Task directions
I'd like the entire listing output verbatim, apart from the pictures.

Available data
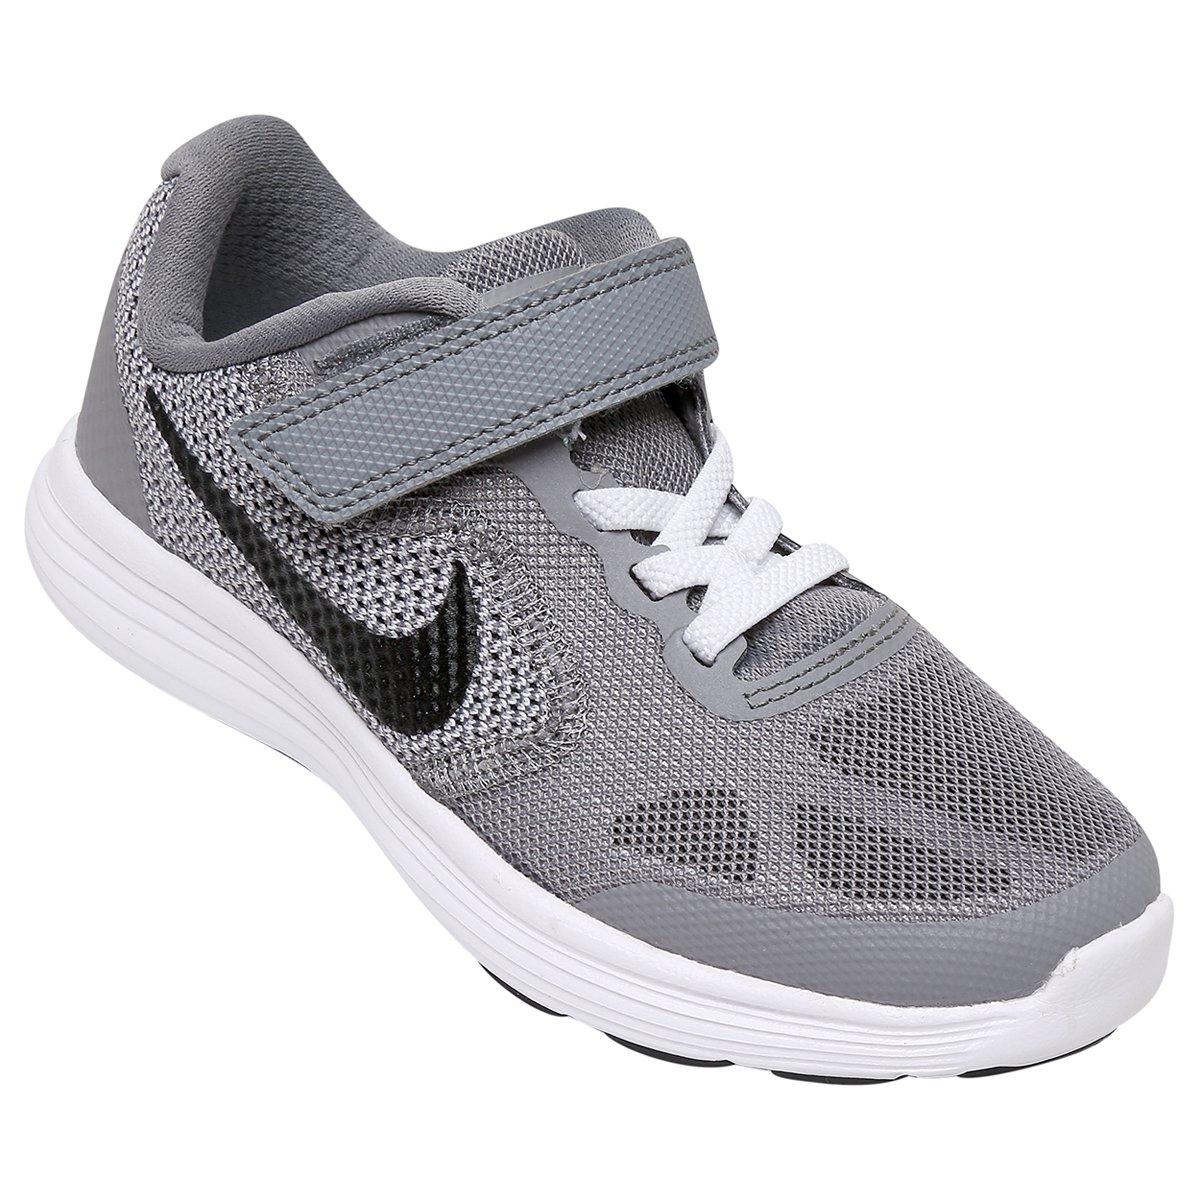 729ec53d69 Tênis Nike Revolution 3 Infantil - Compre Agora
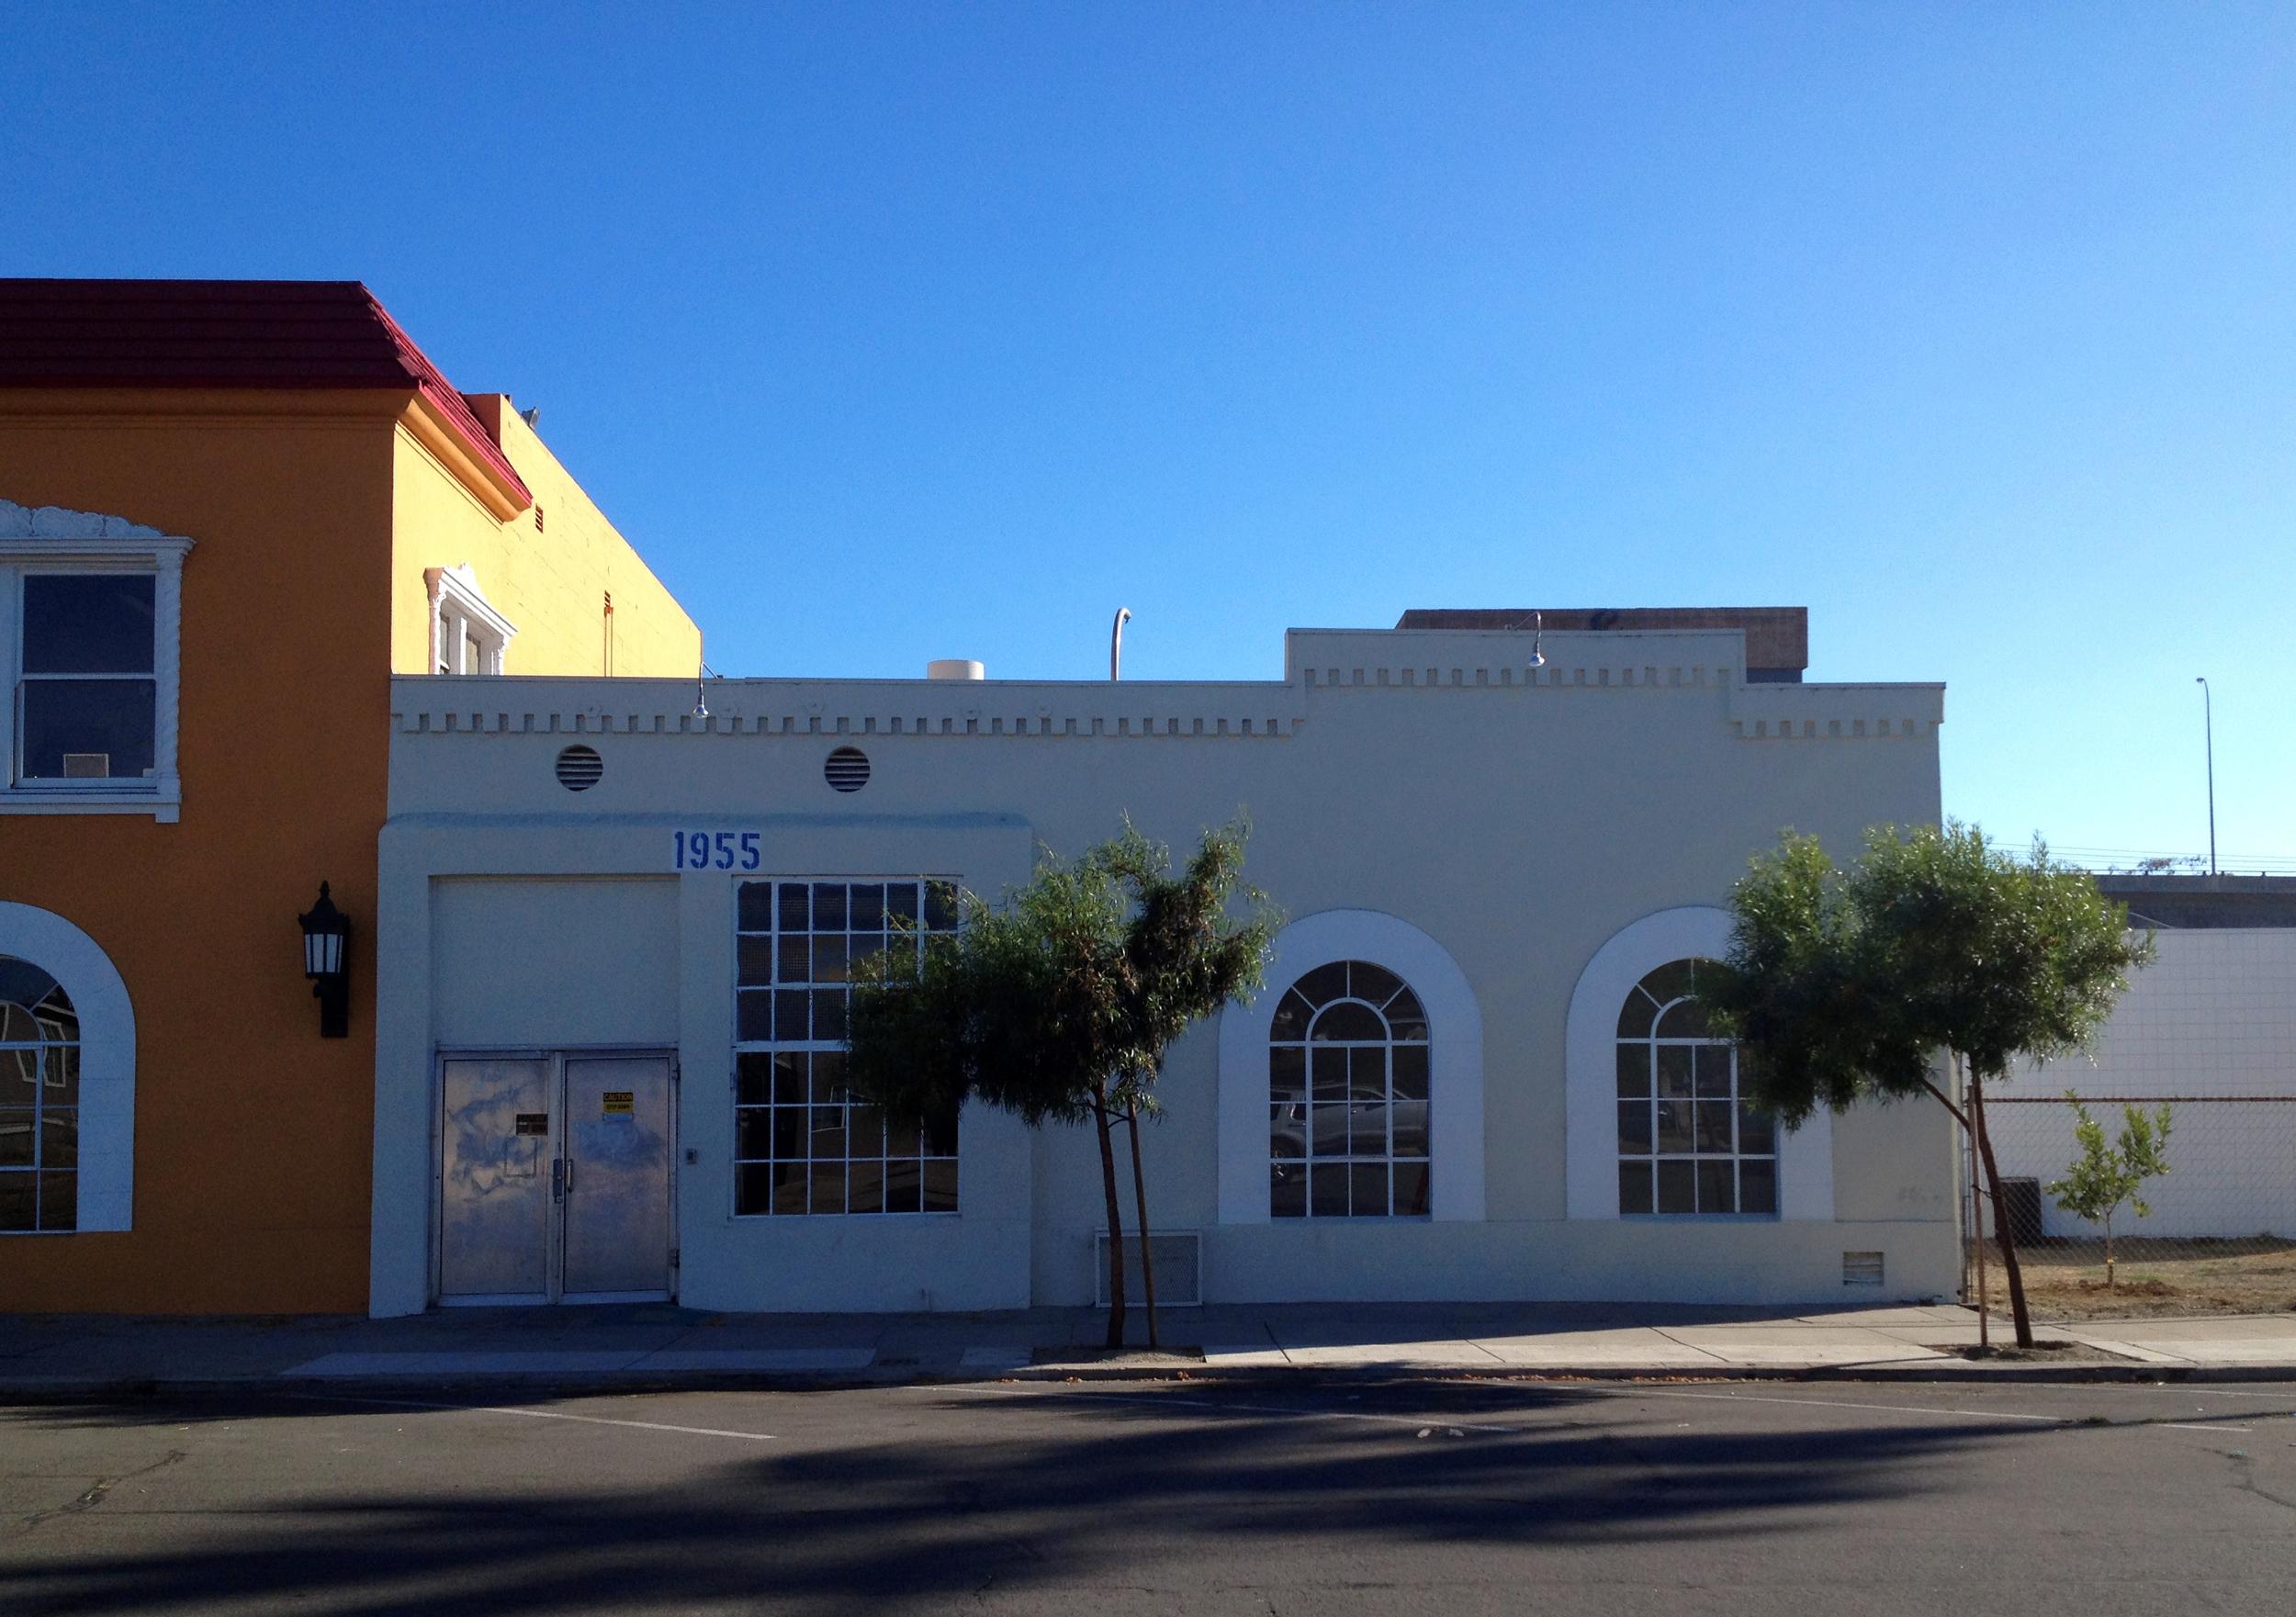 ICE Gallery facade
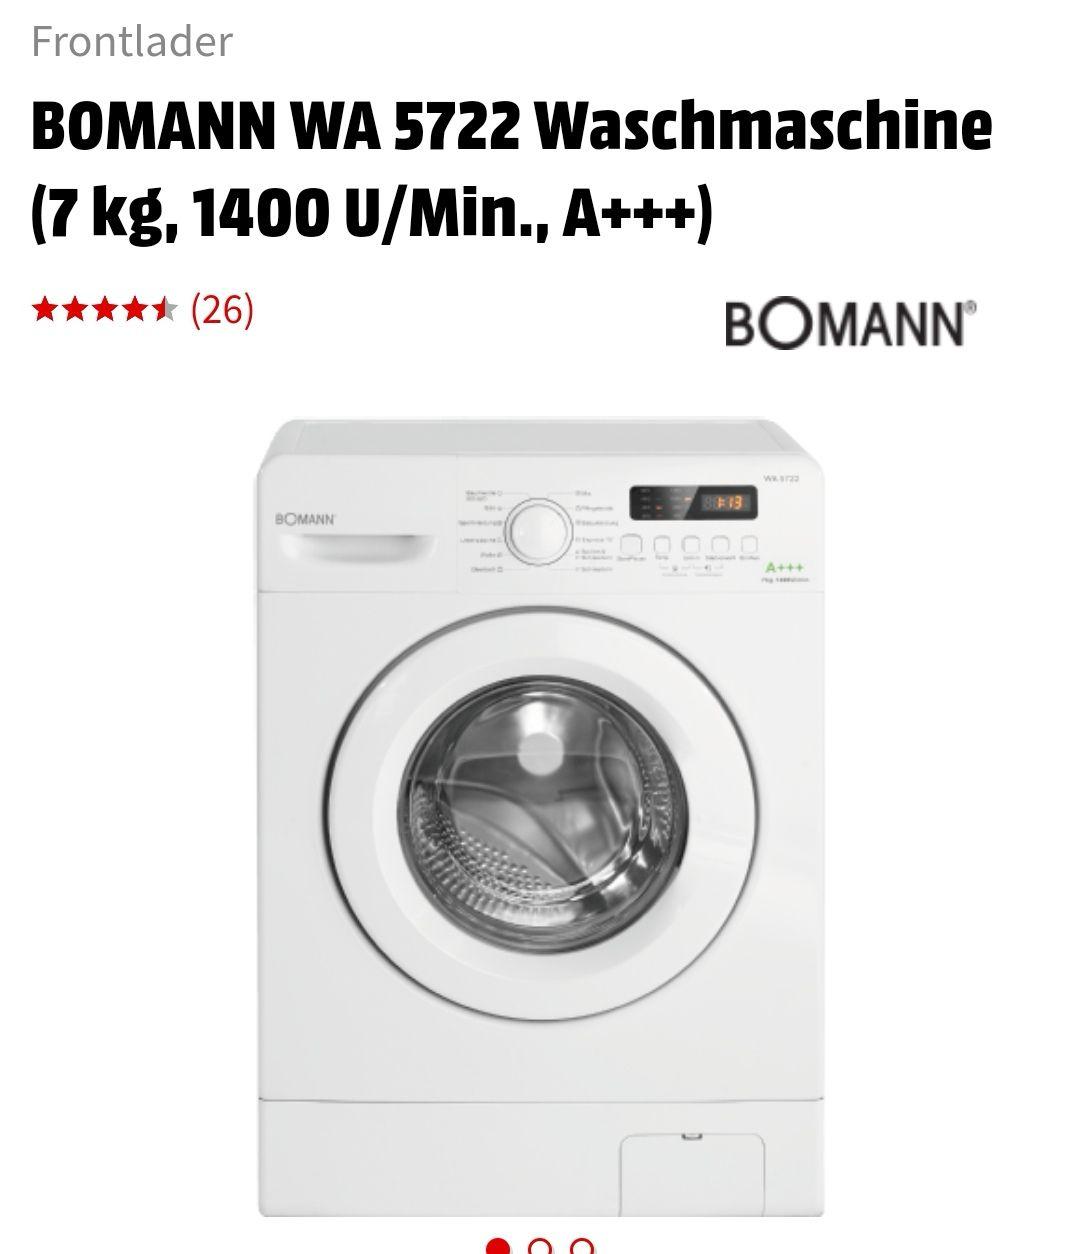 [Lokal Media Markt Gießen] Bomann WA 5722 Frontlader A+++Waschmaschine
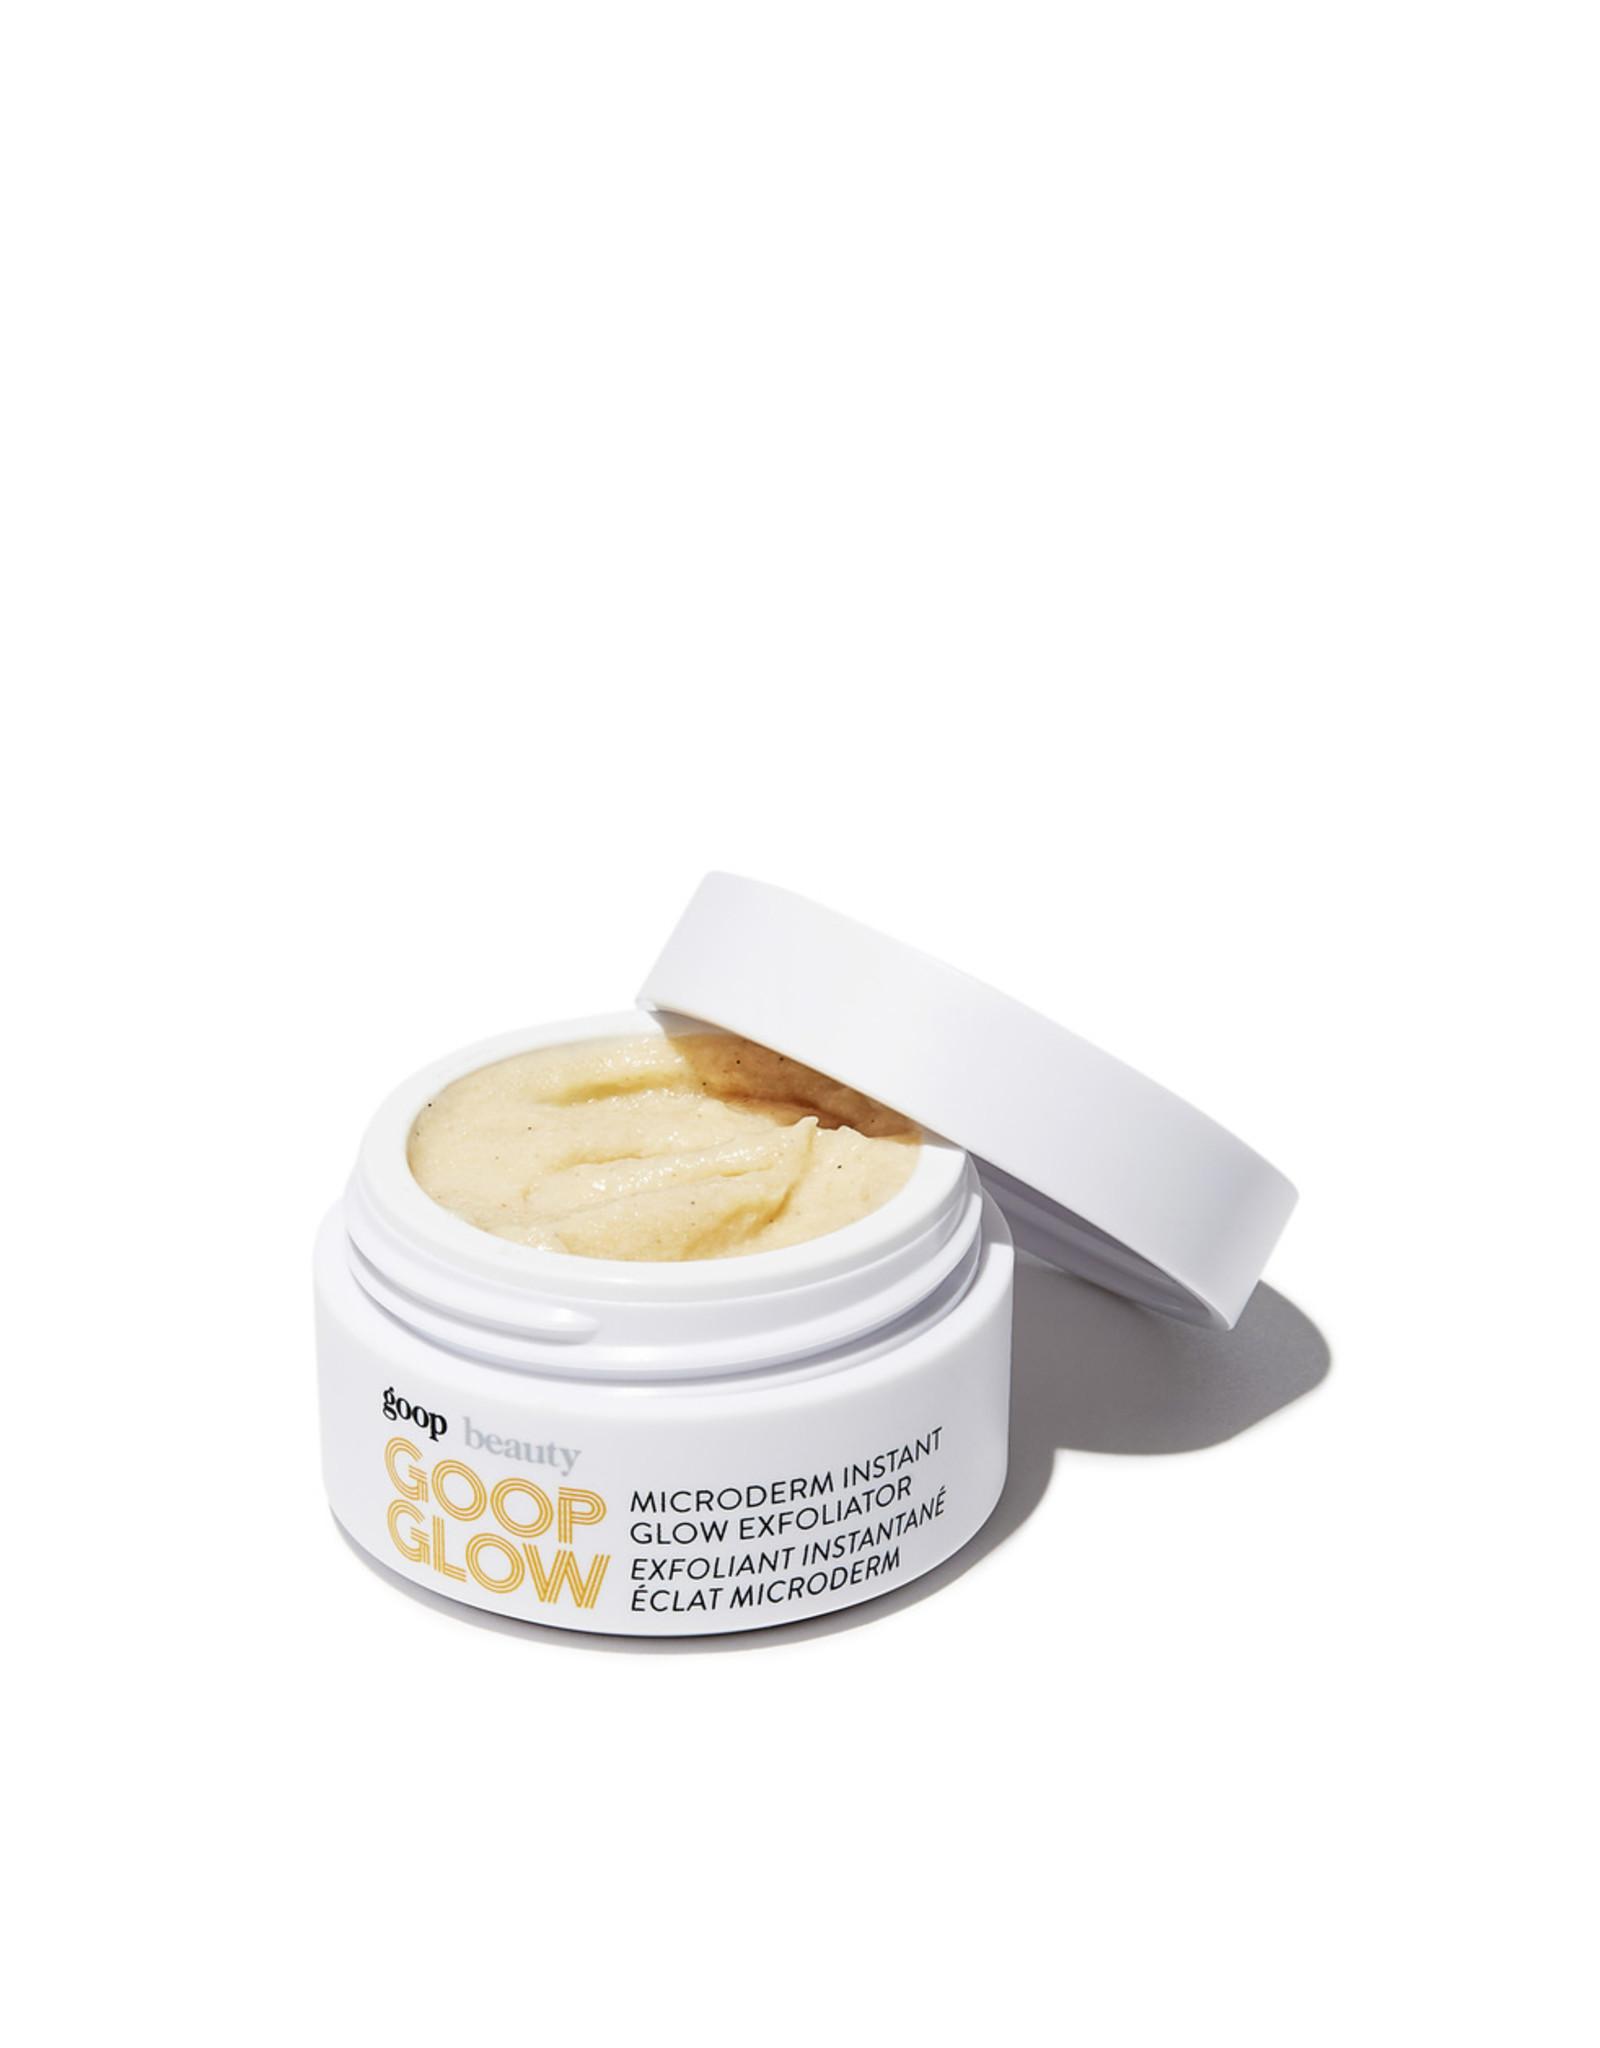 goop Skincare GOOPGLOW Microderm Instant Glow Exfoliator (Size: 15ml)

Answer section
 729ec53d69 Tênis Nike Revolution 3 Infantil - Compre Agora
 ICE Gallery facade
 [Lokal Media Markt Gießen] Bomann WA 5722 Frontlader A+++Waschmaschine
 goop Skincare GOOPGLOW Microderm Instant Glow Exfoliator (Size: 15ml)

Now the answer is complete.